**Available data**

************

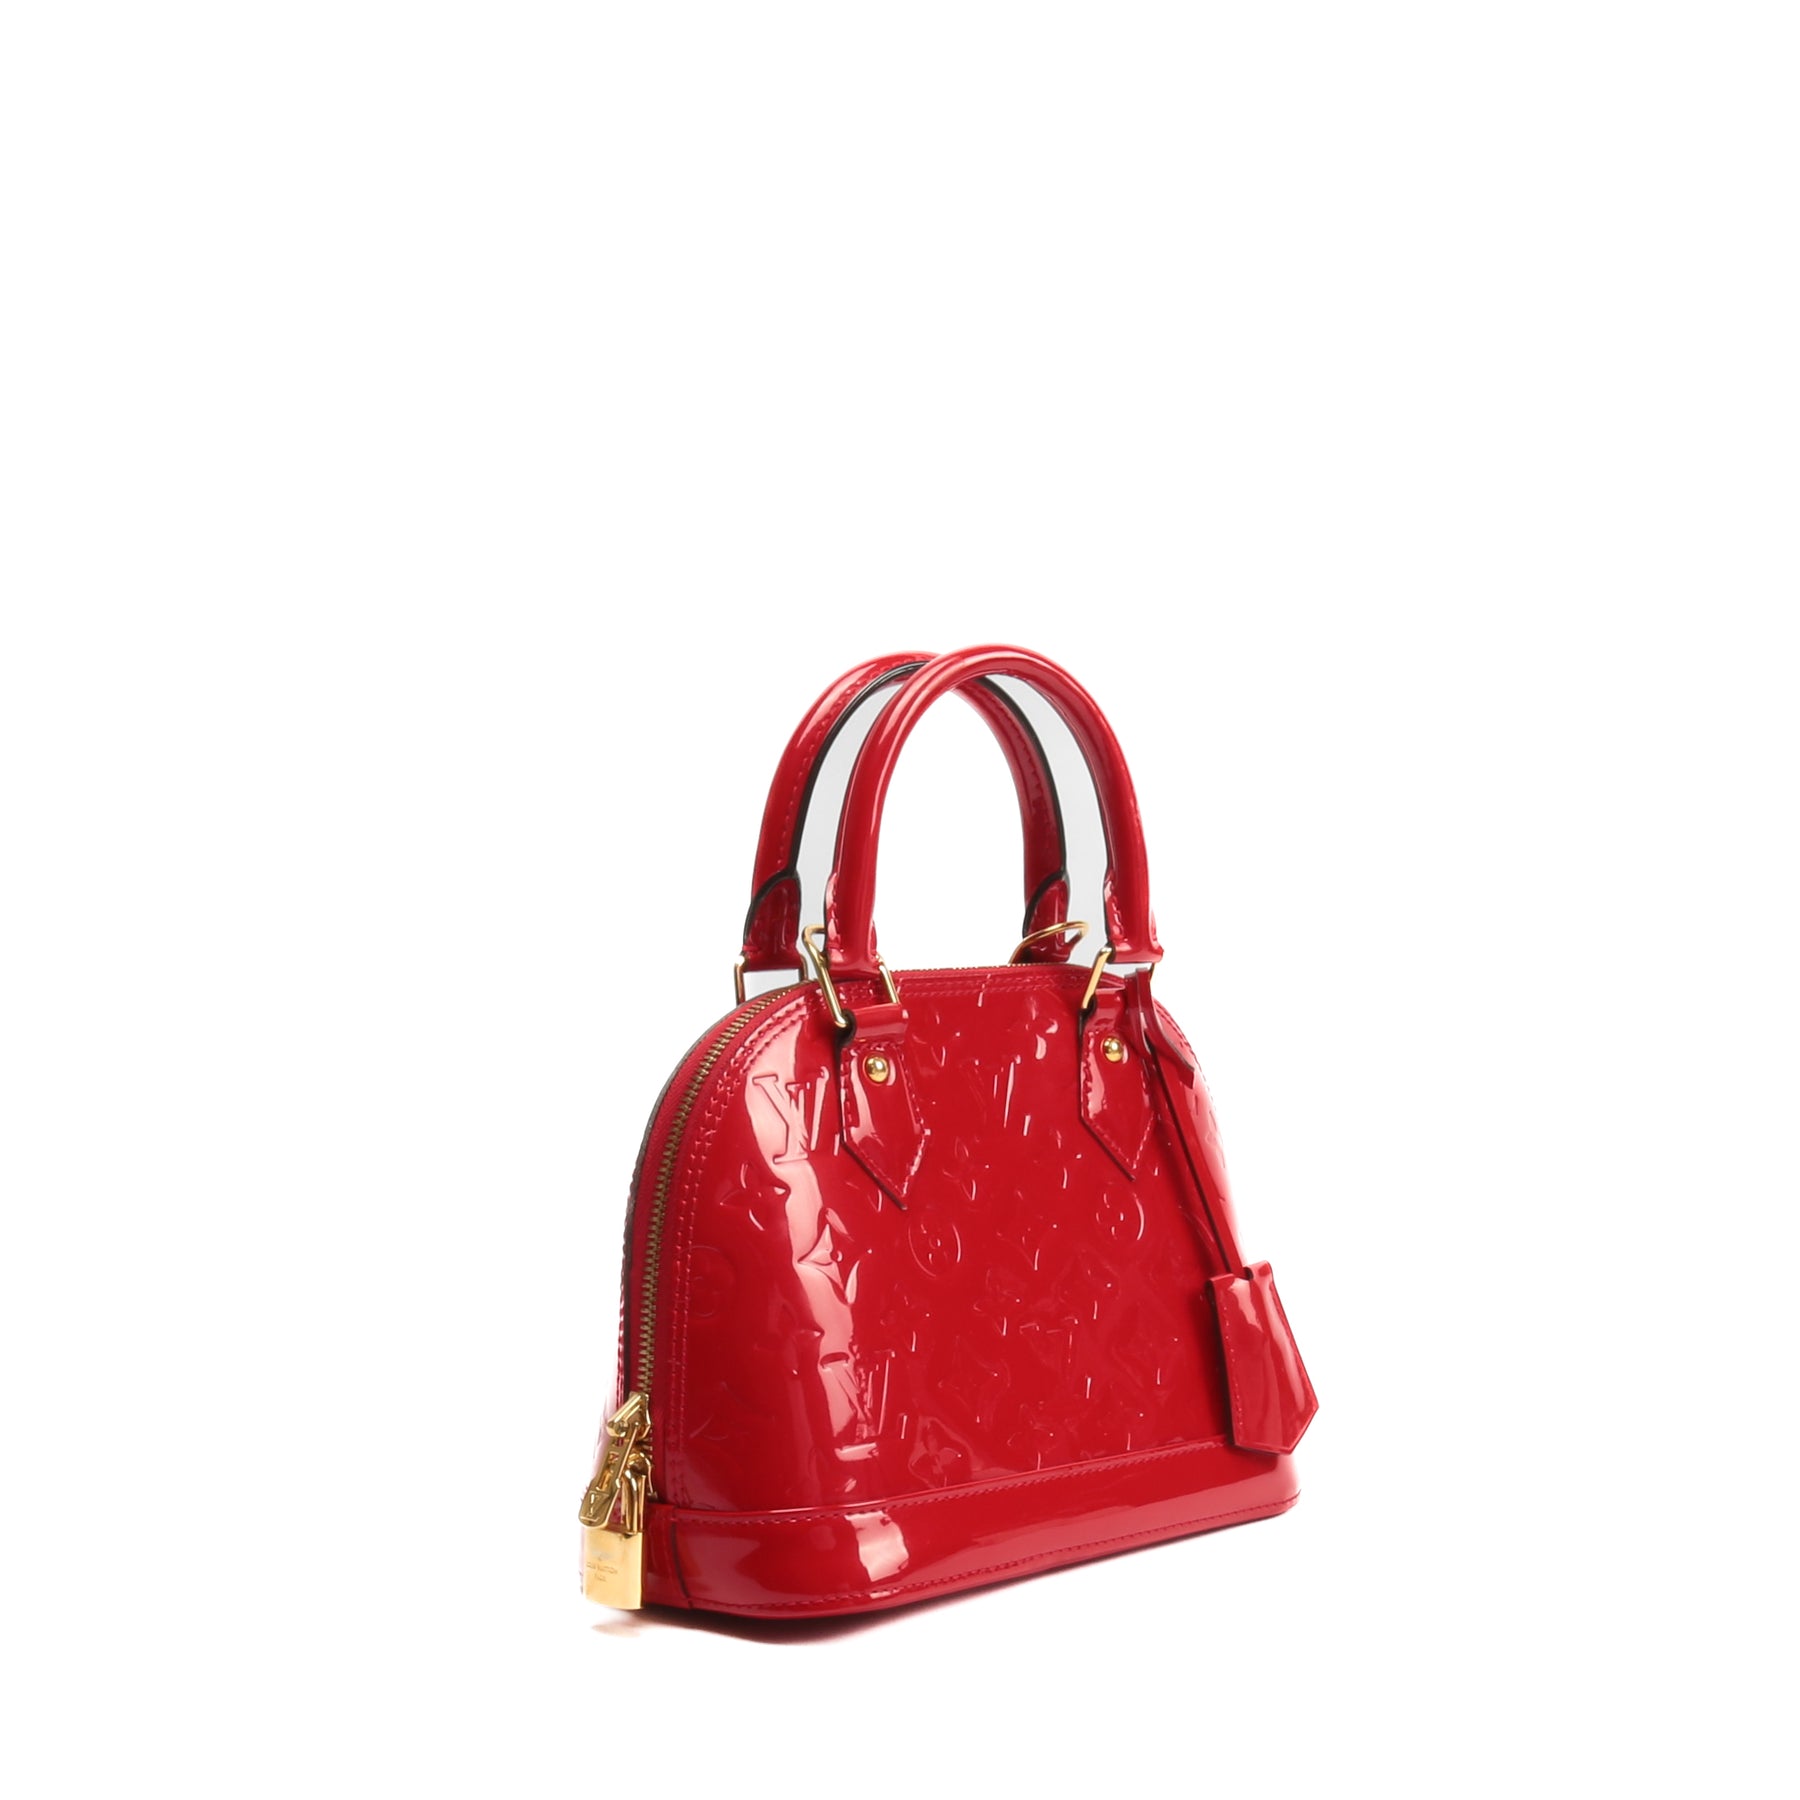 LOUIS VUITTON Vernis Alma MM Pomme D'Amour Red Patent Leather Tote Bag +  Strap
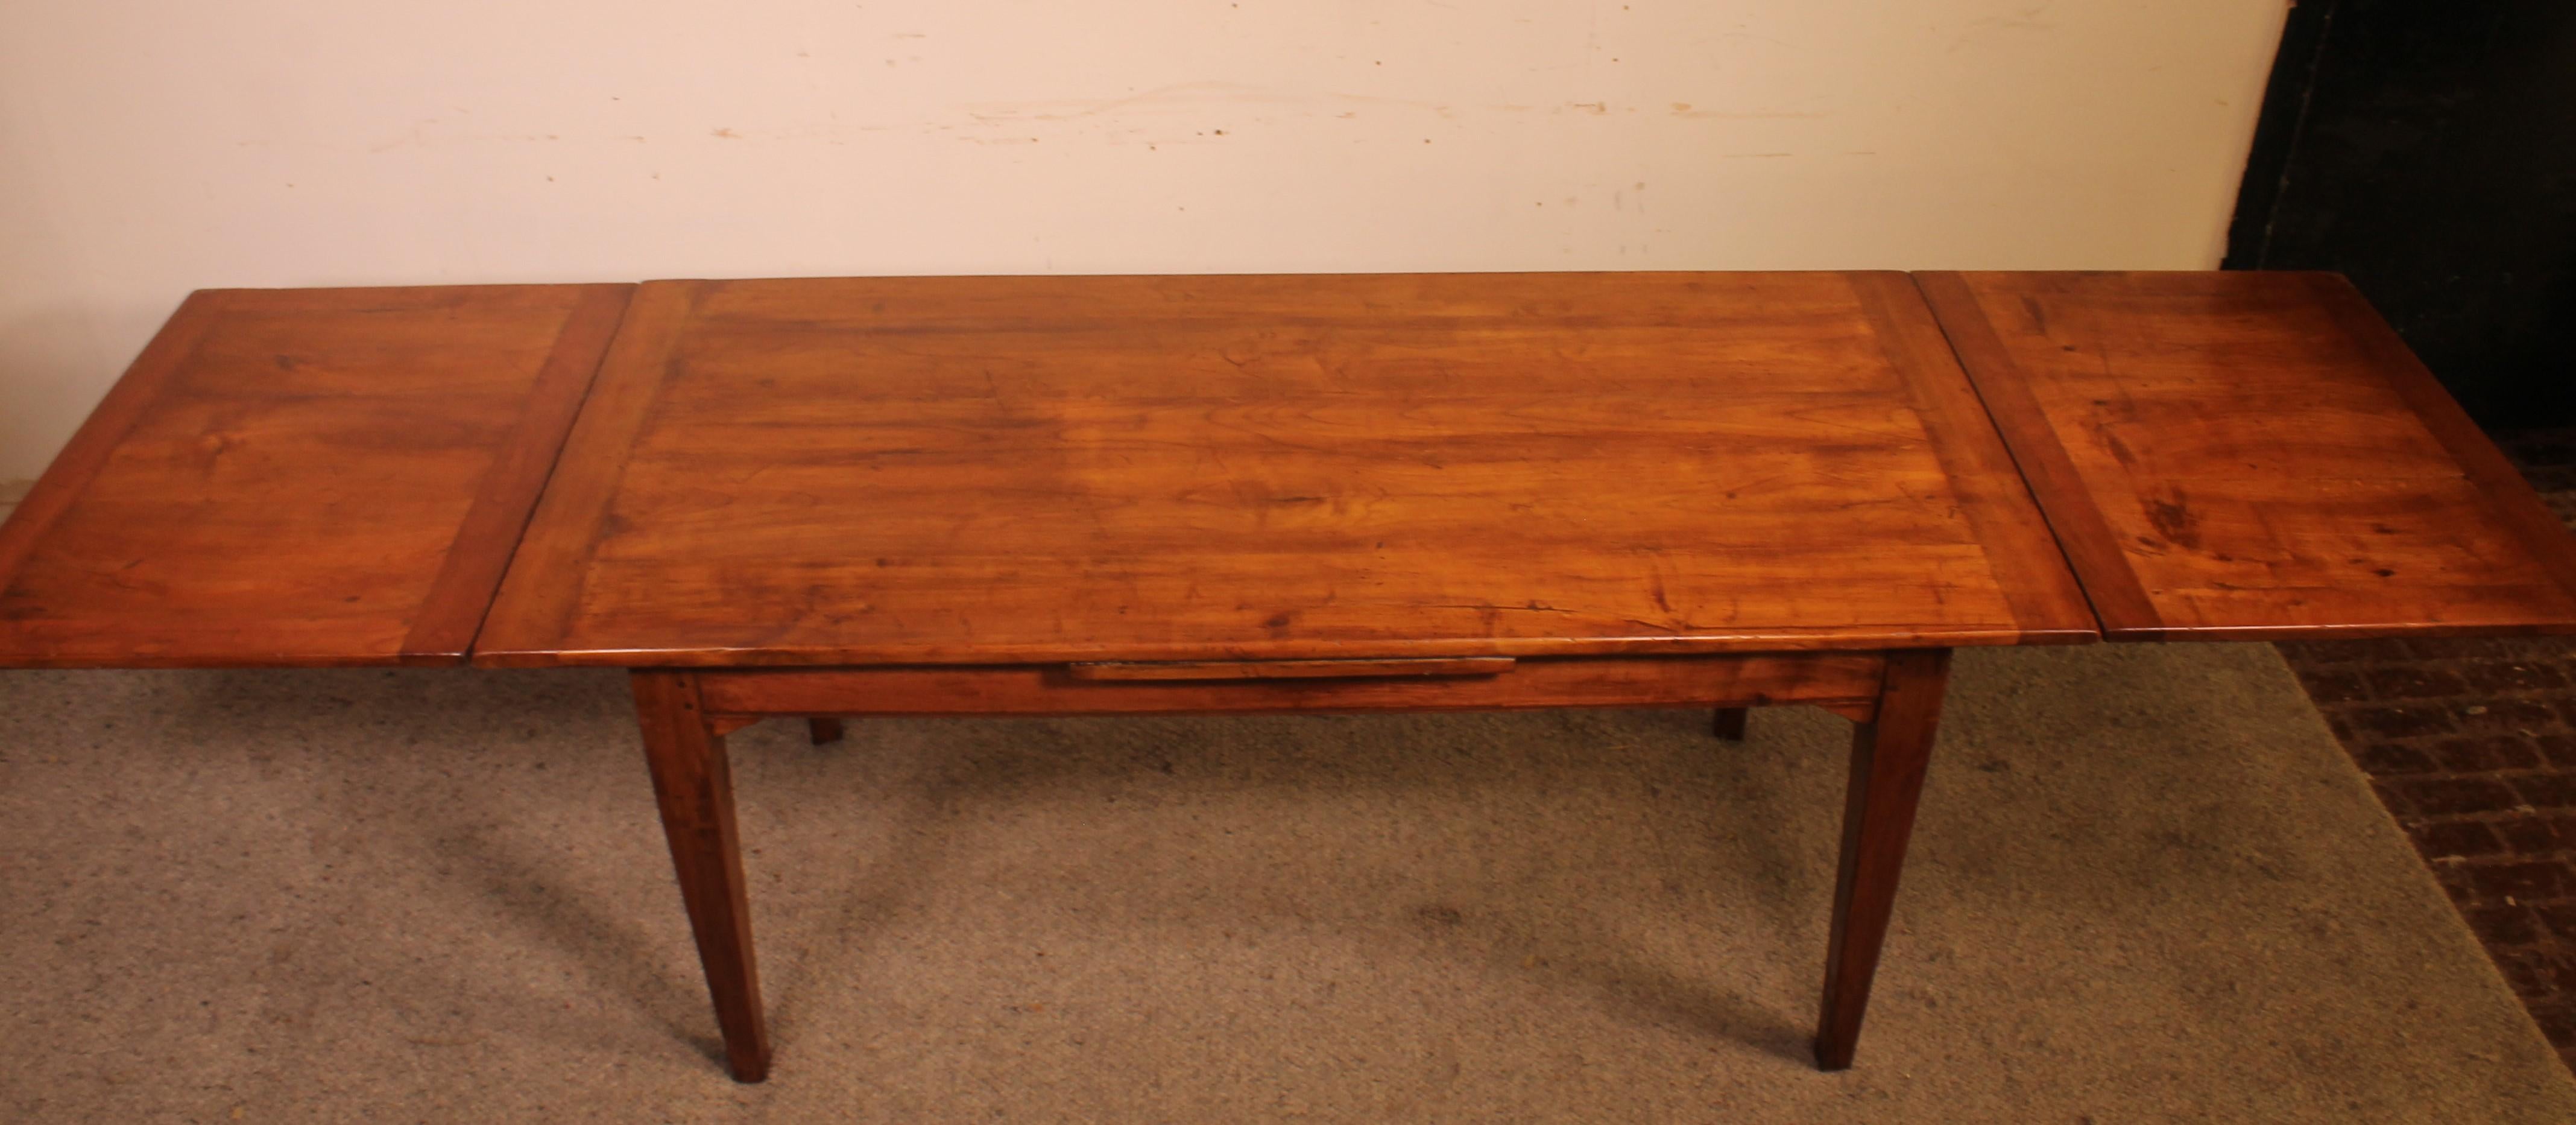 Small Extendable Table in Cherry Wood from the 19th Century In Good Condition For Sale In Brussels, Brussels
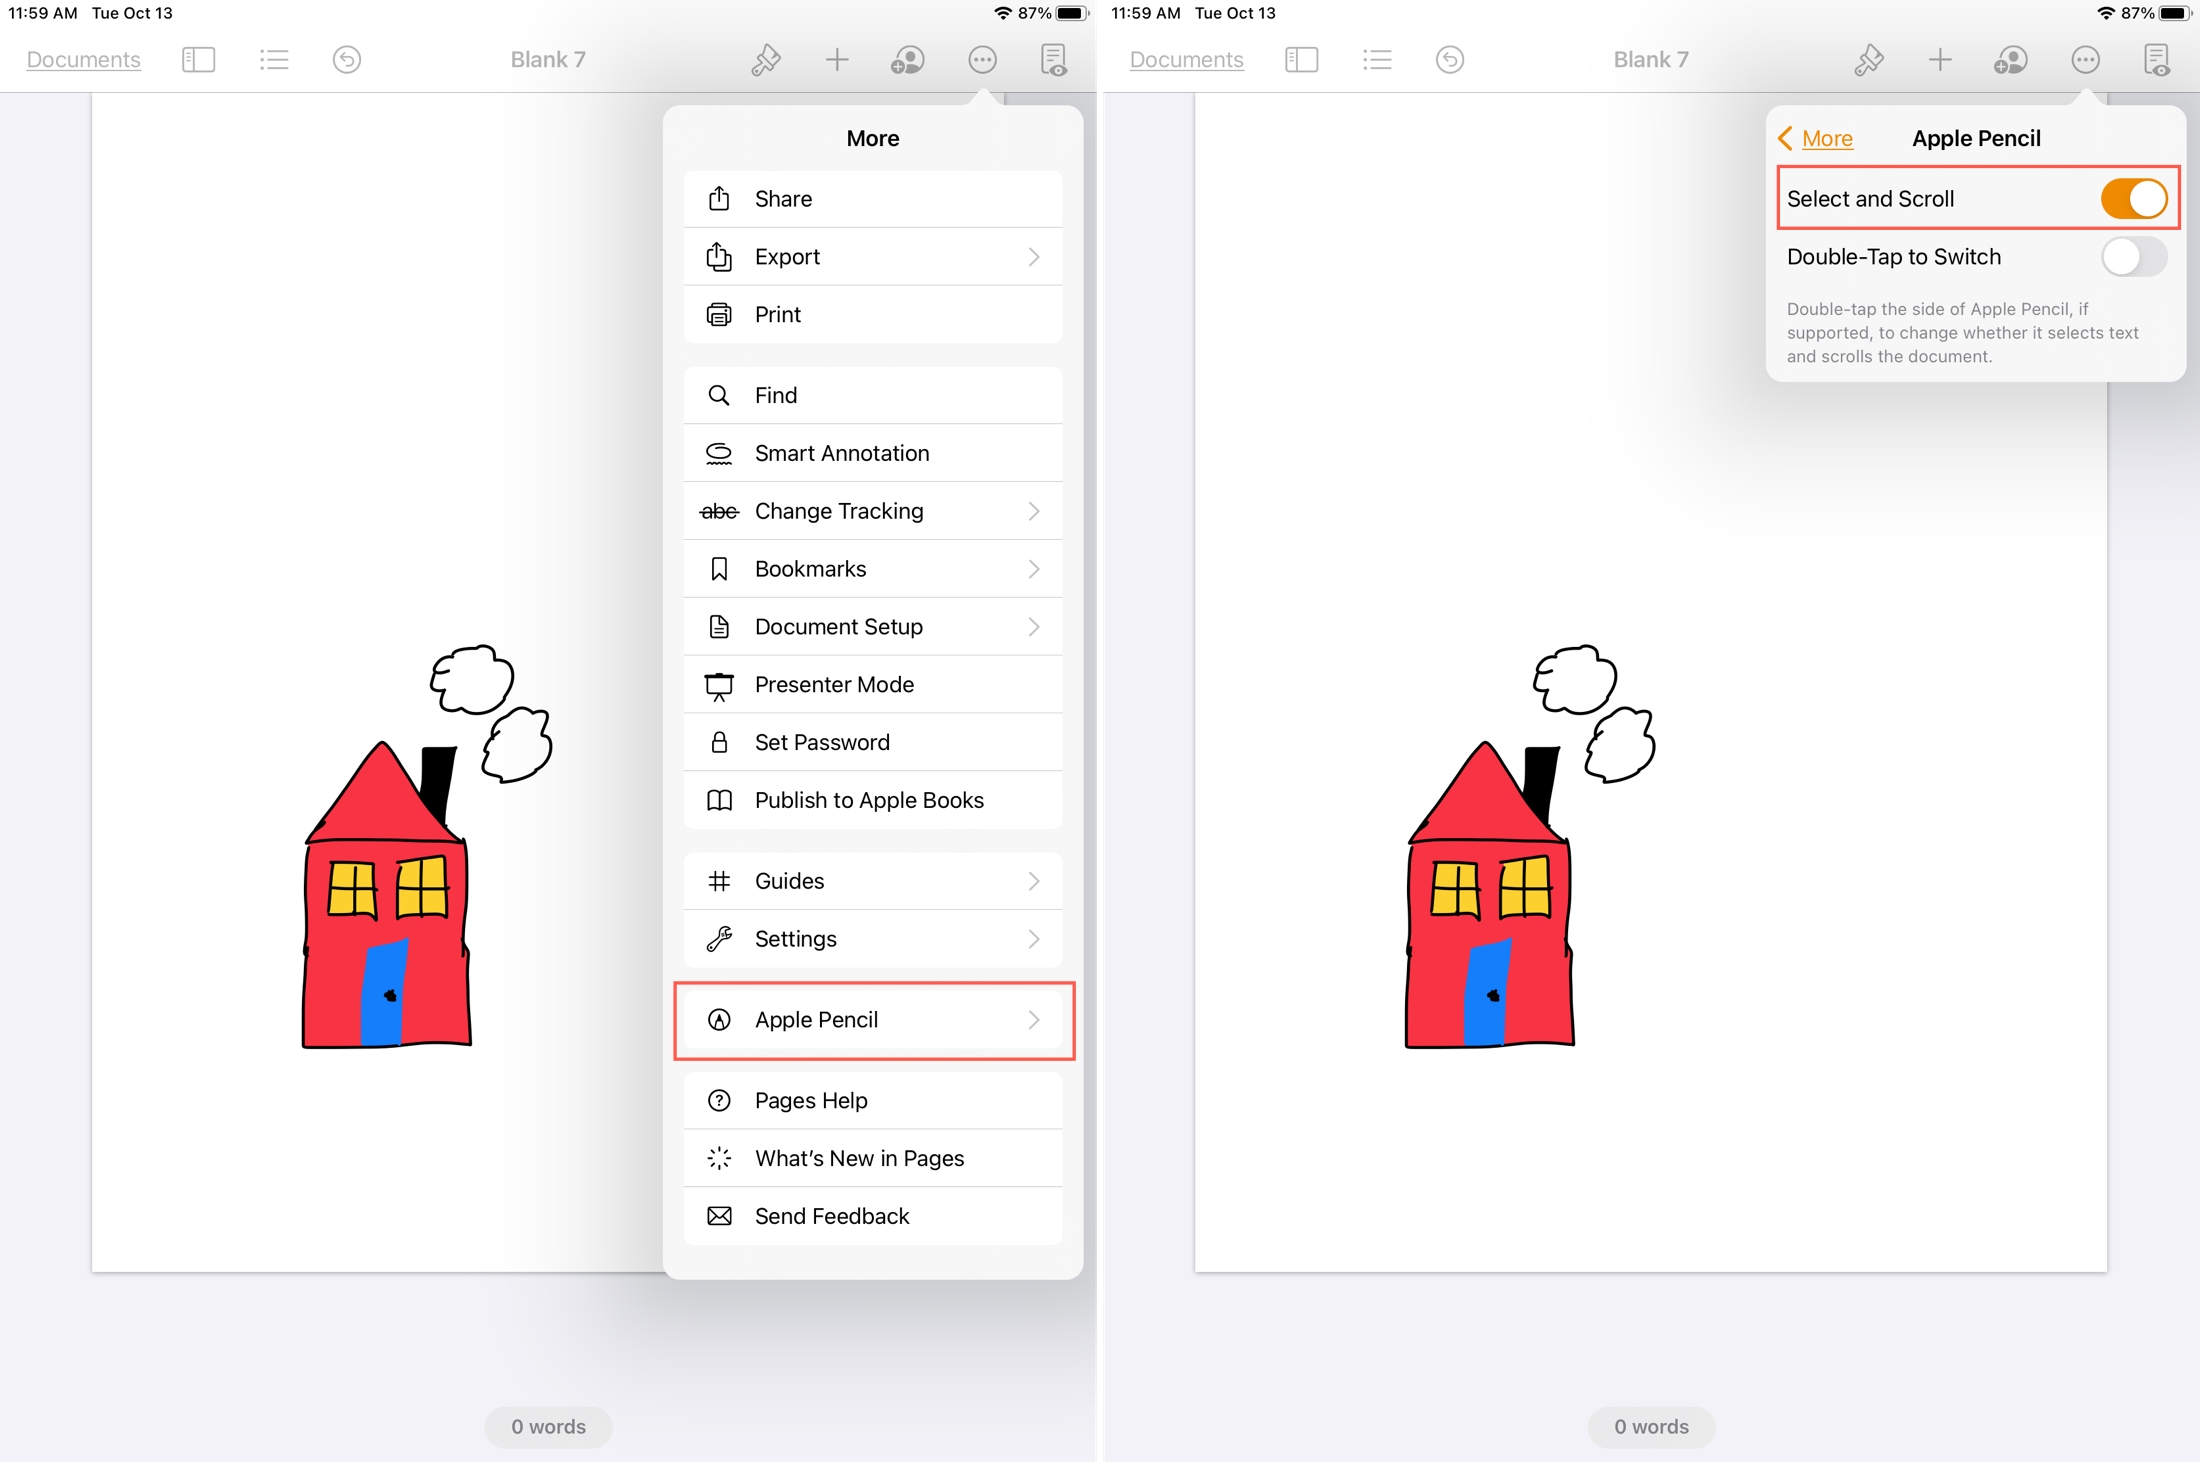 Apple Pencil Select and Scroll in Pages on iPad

************

**Work instruction**
Produce the data again character for character, with the images left out.

**Answer**
 LOUIS VUITTON Vernis Alma MM Pomme D'Amour Red Patent Leather Tote Bag +  Strap
 Small Extendable Table in Cherry Wood from the 19th Century In Good Condition For Sale In Brussels, Brussels
 Apple Pencil Select and Scroll in Pages on iPad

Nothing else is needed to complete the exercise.